Hello,
I should read out fixed-format time and date from images.
The task is rather trivial, but tesseract performs weirdly.
I am using the Danish trained model. The format of the date string is dd.mm.yy the time is hh:mm.
Very often the ':' in the time is recognized as '1', but this is not difficult to correct.
In the date I experienced letter 'U' and 'O' instead of number '0' (this is neither very difficult to postprocess) and letter 'U' and 'H' instead of number '11'.
This is harder ...
The English pretrained model works - on the checked examples - perfectly (but I cant use it because the our embedded system has not enough memory).

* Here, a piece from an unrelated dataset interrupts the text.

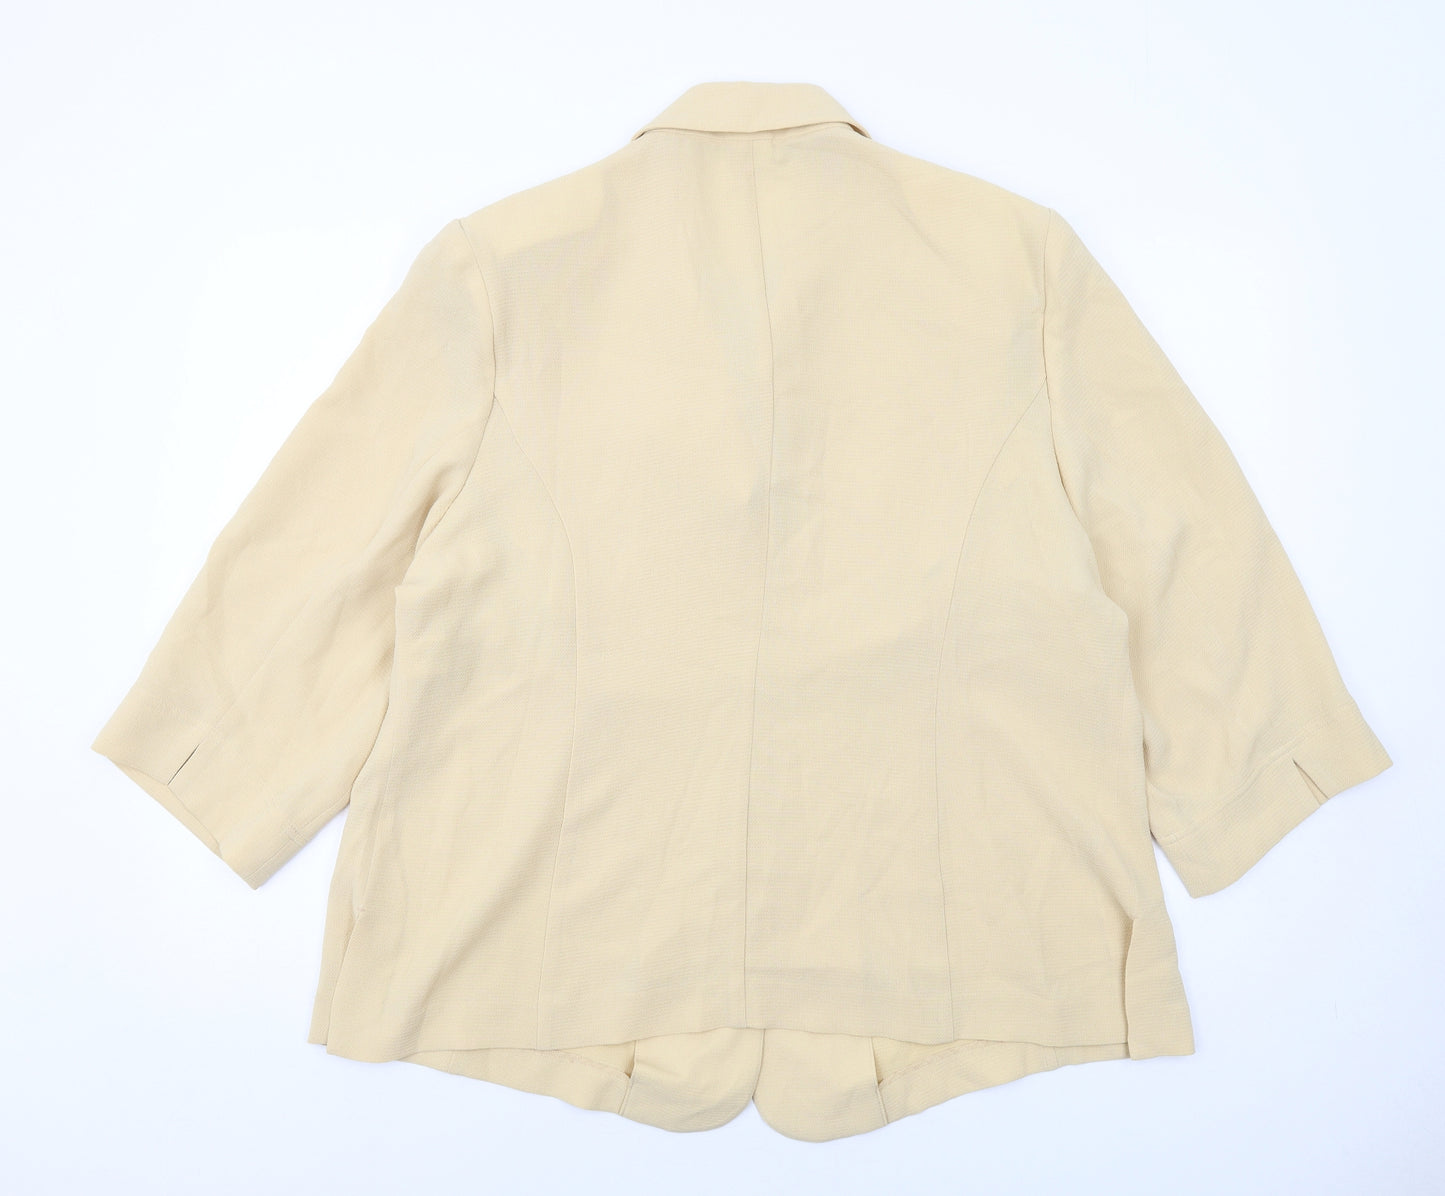 Riona Stone Womens Beige Jacket Blazer Size 22 Button

I can build whitelist of characters with numbers and separators only. The precision doesn't inclease too much ...
Because of the format is fixed, I tried to use patterns: \d\d.\d\d.\d\d for the date and \d\d:\d\d for the time.

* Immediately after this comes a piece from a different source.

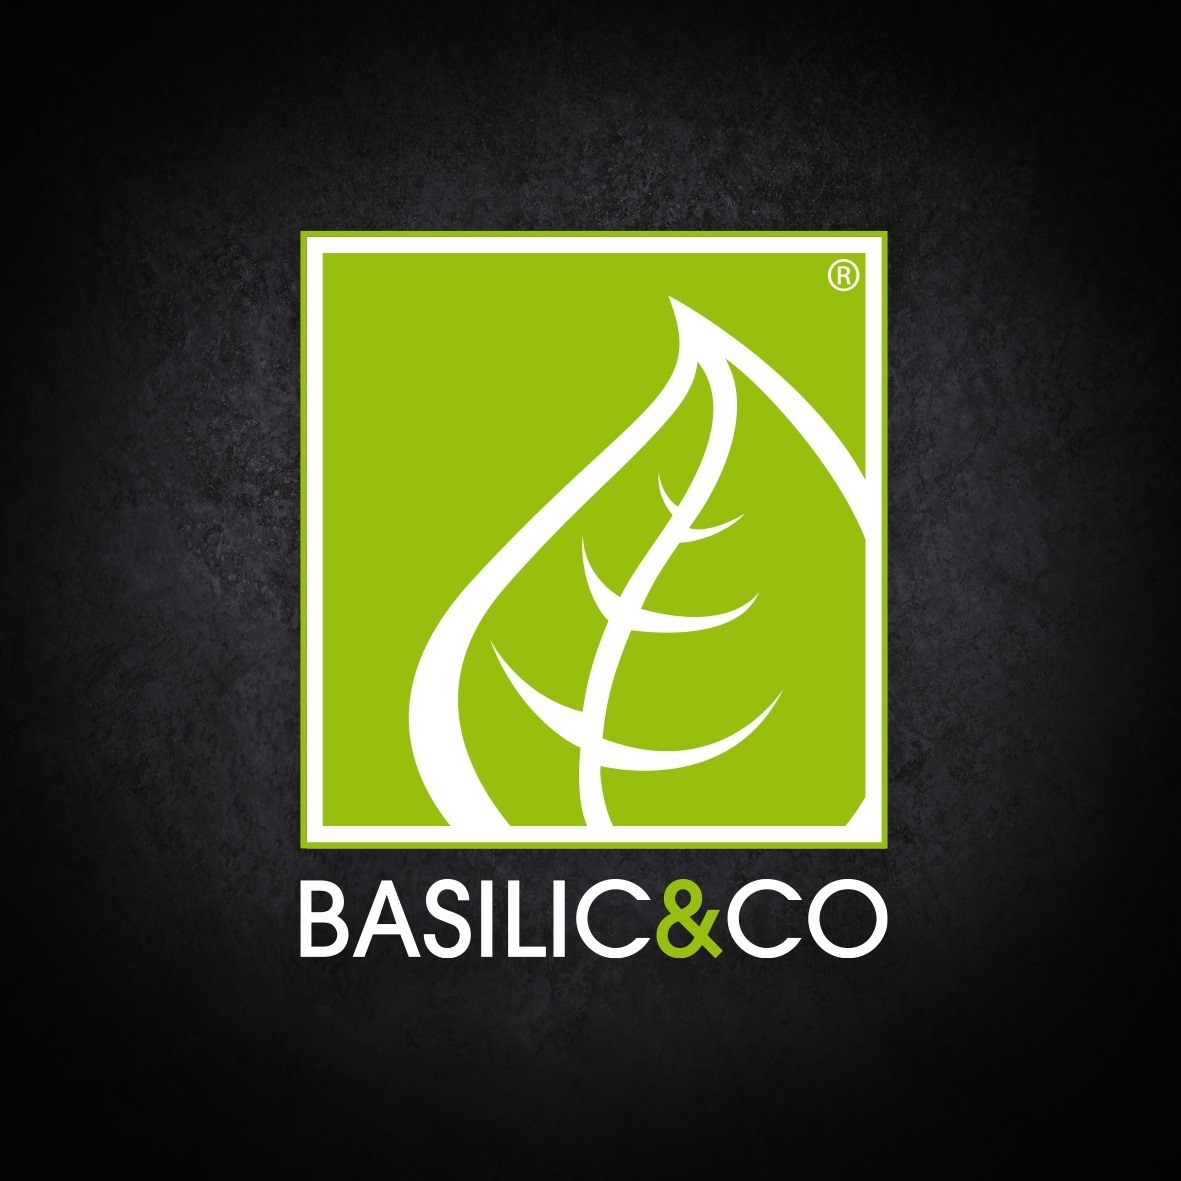 Basilic and co

With English model the pattern file is accepted and obviously is used, but the accuracy drops (starts to mismatch the ':' with '1', putting space between day, month and year ,,,)
With the danish model I get error message (sorry I can't quote it (I am on an other computer), but it cant recognize the format of the regexp, or similar ...) with the _same_ pattern file.
How the pattern file depend on the language?
What other way one can imagine to improve my model ...
I am _no_t using LSTM but tesseract 4.0.0 on linux.
Thanks in advance,
Karoly